In its most intellectual presentations, metaphysics merely states the impossibility of an actual fallen state; but, alas, it still leaves us attempting to play the part of a self-righteous pseudo-identity healing a personal view of the universe, calling everything seen “via the senses” a dream “that isn’t going on in truth,” and it leaves us still having to see the nothingness of that dream . . . there is no peace in this (A Guide to Awareness and Tranquility 54).

When we choose – however briefly, even unintentionally – to let go of this pseudo-identity (which is the egoic self), then we know peace. The miracle enters perception as a witness unto this “right” choosing: we feel it – a sense of happiness, quiet contentment, inner peace, a singular desire to continually serve our brothers and sisters. And over time, the miracle teaches us – because we are not nearly as complex and mysterious as we think – to choose rightly more and more often for no other reason than we really like how miracles make us feel. Reflexively, we do what makes us happy. We are, it turns out, naturally inclined to grace.

Attention to the truth of this speeds up awakening. When I talk about giving attention, I am simply saying to be aware of when miracles are and when they are not and then be miraculous. Work miracles. Be miracle-minded. We can’t learn this through the acquisition of facts or ideas, but we can see it and bring into application, not unlike learning to swim or play guitar or bake bread.

All of which is to say that there are neither secrets nor mysteries.

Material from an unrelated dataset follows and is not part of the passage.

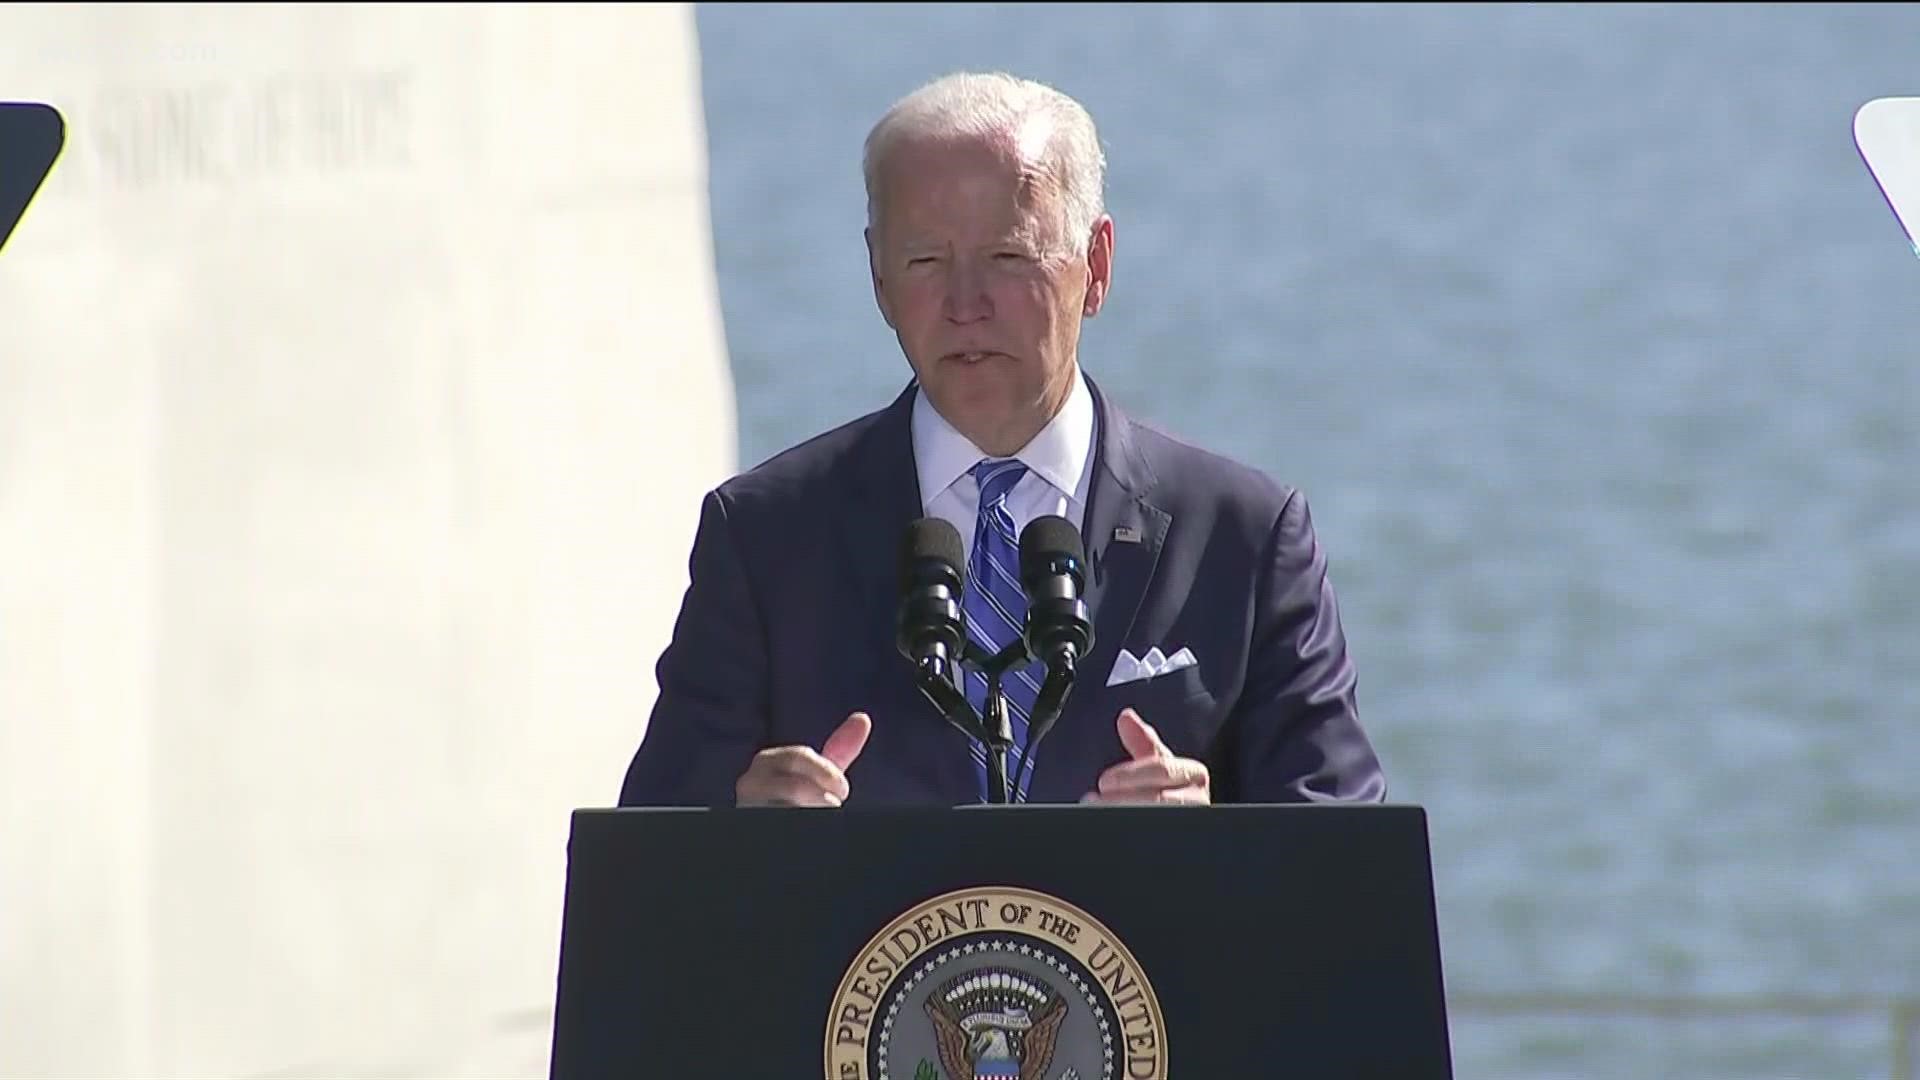 Leaders from across the country, including President Joe Biden and Vice President Kamala Harris, are attending the Anniversary Commemoration.

There are only miracles attesting to the power of choice upon which all our joy is founded.

Attention is a Form of Acceptance

Attention is a kind of questioning, but not questioning as the brain and the egoic self understand it. The egoic self wants answers that do not exist and so cannot be found because its maxim is seek but do not find (e.g. T-12.IV.4:1-5). But attention is content to let what is be. It no longer projects its wants and uncertainties. Attention is a form of acceptance in which need itself ends and so seeking, too, ends.

But attention is not exclusive. This is a condition of its capacity to heal through undoing: nothing is left out. Nothing is forbidden. Whatever arises belongs. Whatever arises is welcome.

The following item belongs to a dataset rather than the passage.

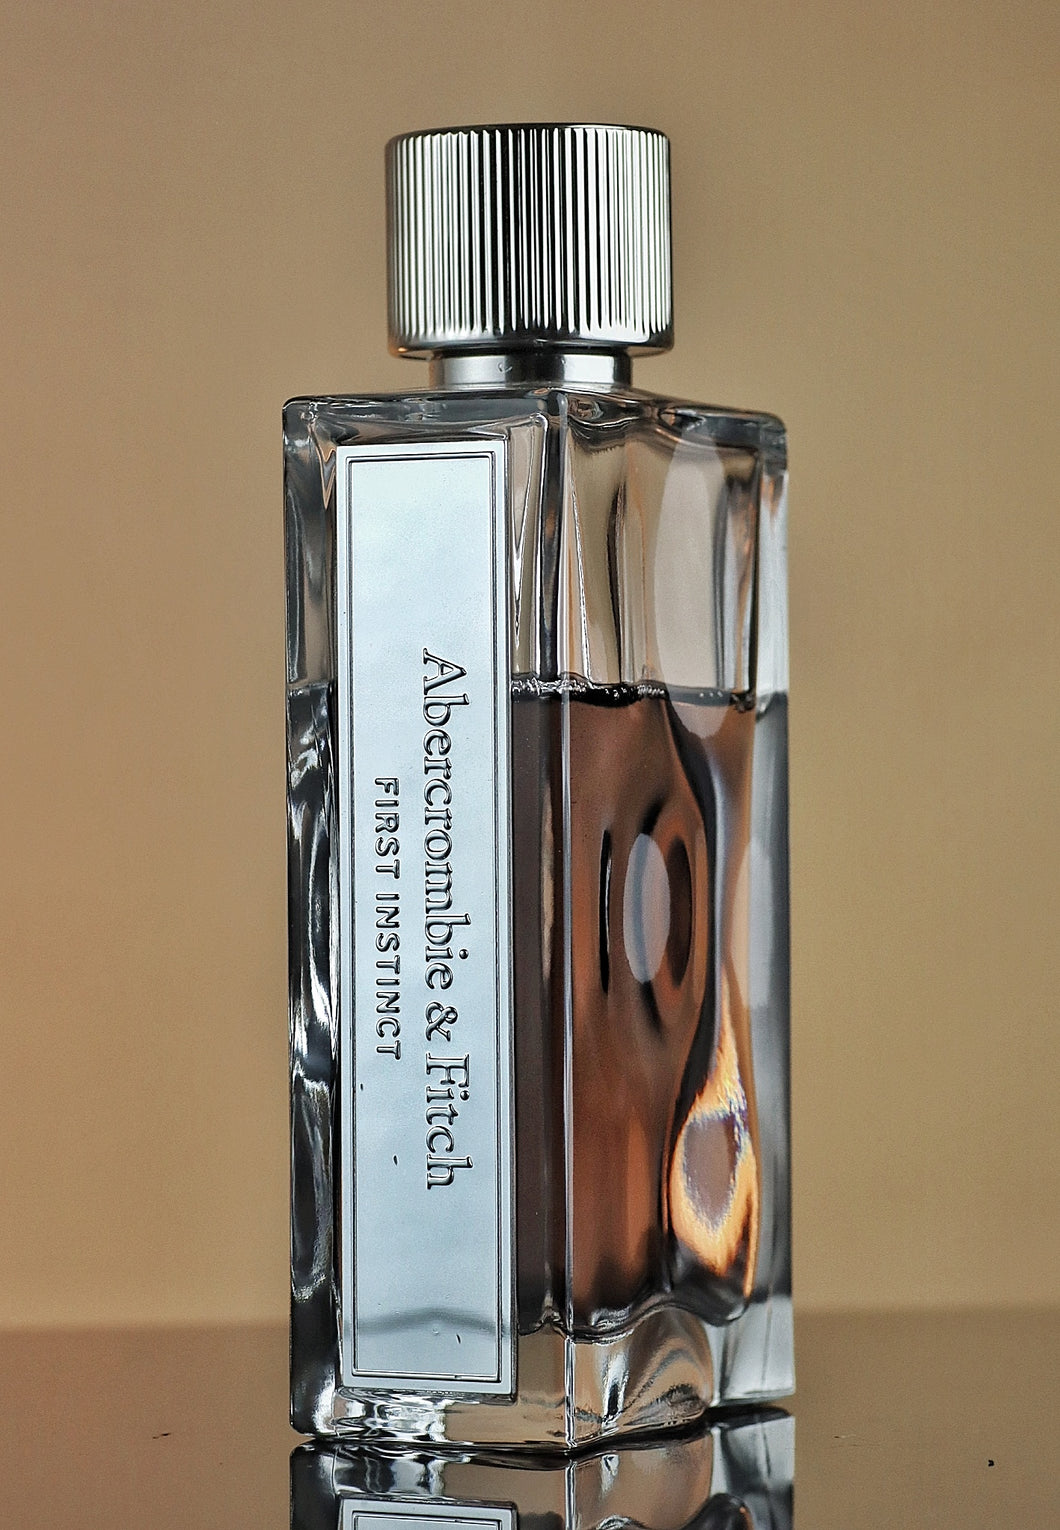 Abercrombie & Fitch First Instinct, Fragrance Sample

Attention includes even itself – that is, it gives attention to attention and to the gift of attention. Has it been made conditional – offered only to those people, places and things that the ego deems favorable? Has it excluded what causes pain and discomfort and fear? So long as it is conditional or exclusive it is not attention, but projection – another attempt, however veiled or nuanced, to make an ideal self against which the world stands in ruinous opposition. You and I are not that.

When we are attentive, we are merciful: unto that which we perceive, which is our brothers and sisters, and so by extension unto ourselves. Mercy is the willingness to offer love and succor in the face of grief, injustice and conflict. The merciful love because they know that love is all, and this knowledge is not of the brain. It is not subject to change. It is not intellectual. Language does not make it – rather, it consents to be temporarily contained by words in the interest of a greater and more fullsome release for all.

You who perceive yourself as weak and frail, with futile hopes and devastated dreams, born but to die, to weep and suffer pain, hear this: All power is given unto you in earth and Heaven. There is nothing that you cannot do. You play the game of death, of being helpless, pitifully tied to dissolution in a world which shows no mercy to you. Yet when you accord it mercy, will its mercy shine on you (W-pI. 191.9:1-4).

Do not hide from what appears before you: do not reject what appears before you: do not even judge what appears before you. Analysis is not our task any more: love is. And since we do not know what love is, then we must become willing learners: and the salient quality of all devoted students is their attentiveness. Only that!

Life offers itself to us that we might offer it to our brothers and sisters, to chickadees and bears, seascapes and landscapes, to starlight and space. It is given that we might give it – that is its law, that is what ensures Creation. Through attention we learn what is already done because it is always being done. This is the end of learning: this is the beginning of joy.